Contact centre contact reason analysis
A total-volume forecast treats all contacts as interchangeable. They are not. A billing enquiry has a different handle time, arrival pattern, and demand elimination opportunity than a technical fault call. Disaggregating volume by reason makes every downstream WFM output more accurate.
Where contact reason data comes from
Wrap codes (disposition codes)
Data quality
High — agent-applied per contact
Limitation
Quality depends on code discipline. Agents under occupancy pressure choose the first plausible code rather than the most accurate. Code lists that are too long (50+ codes) or too granular produce unreliable data.
How to use it well
Audit wrap code usage monthly. Flag contacts tagged with umbrella codes ('Other', 'General enquiry'). Run coding calibration sessions where WFM and Operations review the same call and independently apply codes.
Speech/text analytics
Data quality
Very high — system-applied, not agent-dependent
Limitation
Requires investment in analytics tooling and model training. Accuracy improves over time as the model is trained on a larger sample. Initial categorisation may require human validation.
How to use it well
Use as a cross-check against wrap code data in the first 6 months. Once validated, use analytics categorisation as the primary source and wrap codes as a secondary validation layer.
IVR/digital channel intent data
Data quality
High for self-served contacts; moderate for contacts that abandon the IVR and reach an agent
Limitation
Captures the customer's stated intent at IVR entry, which may differ from the actual reason for contact if the IVR options do not match the customer's need.
How to use it well
Use to forecast the volume reaching each IVR routing destination. Do not assume IVR intent = contact reason for contacts that abandon the self-service flow.
Manual sampling
Data quality
Low — sample size too small for statistical reliability
Limitation
A 50-call sample per week cannot produce reliable reason-level trends. Suitable for initial hypothesis formation but not for operational forecasting.
How to use it well
Use only for initial audit of wrap code accuracy or for investigating specific volume anomalies. Do not use manual sampling as a primary data source for WFM forecasting.

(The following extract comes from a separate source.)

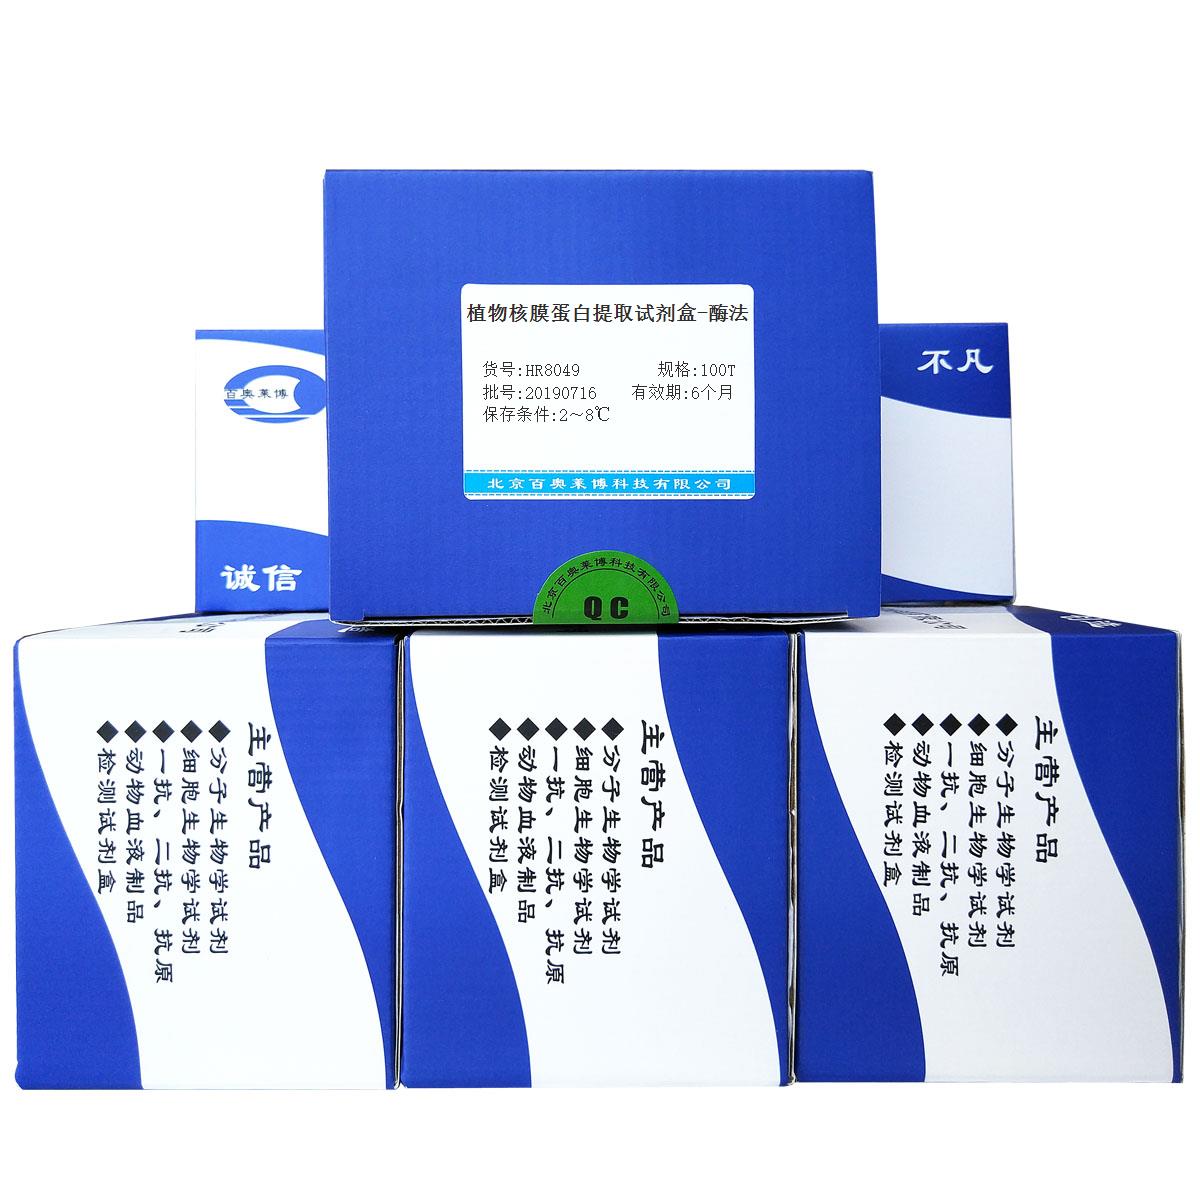 植物核膜蛋白提取试剂盒-酶法北京品牌

Five WFM uses for contact reason data
AHT modelling by contact type
How reason data helps
Disaggregates total AHT into component AHTs per contact reason. Staffing model applies the correct AHT to each volume component before combining. Prevents the blended AHT from masking spikes in complex contact types.
Without it
Total-volume AHT forecasts are systematically inaccurate when the mix of contact types shifts — and mix shifts are common after product changes, billing events, and marketing campaigns.
Interval-level volume forecasting
How reason data helps
Different contact reasons have distinct intraday arrival patterns. Technical fault contacts peak Monday 08:00–10:00. Billing contacts peak month-end 09:00–11:00. Disaggregating and recombining at interval level produces more accurate interval forecasts than forecasting total volume.
Without it
Total-volume interval forecasts average out peaks that only appear in specific contact types. A 10% spike in complex technical contacts may not be visible in the total volume line until it has already damaged SL.
Event-driven volume forecasting
How reason data helps
Identifies which contact types are triggered by specific events (billing runs, system outages, product launches, marketing communications). The WFM function can forecast the event-driven component separately and layer it onto the baseline only when the triggering event is scheduled.
Without it
Event-driven volume spikes are unpredictable at total level. At contact-reason level they are highly predictable — the same billing event generates the same billing-enquiry volume spike within a narrow range every month.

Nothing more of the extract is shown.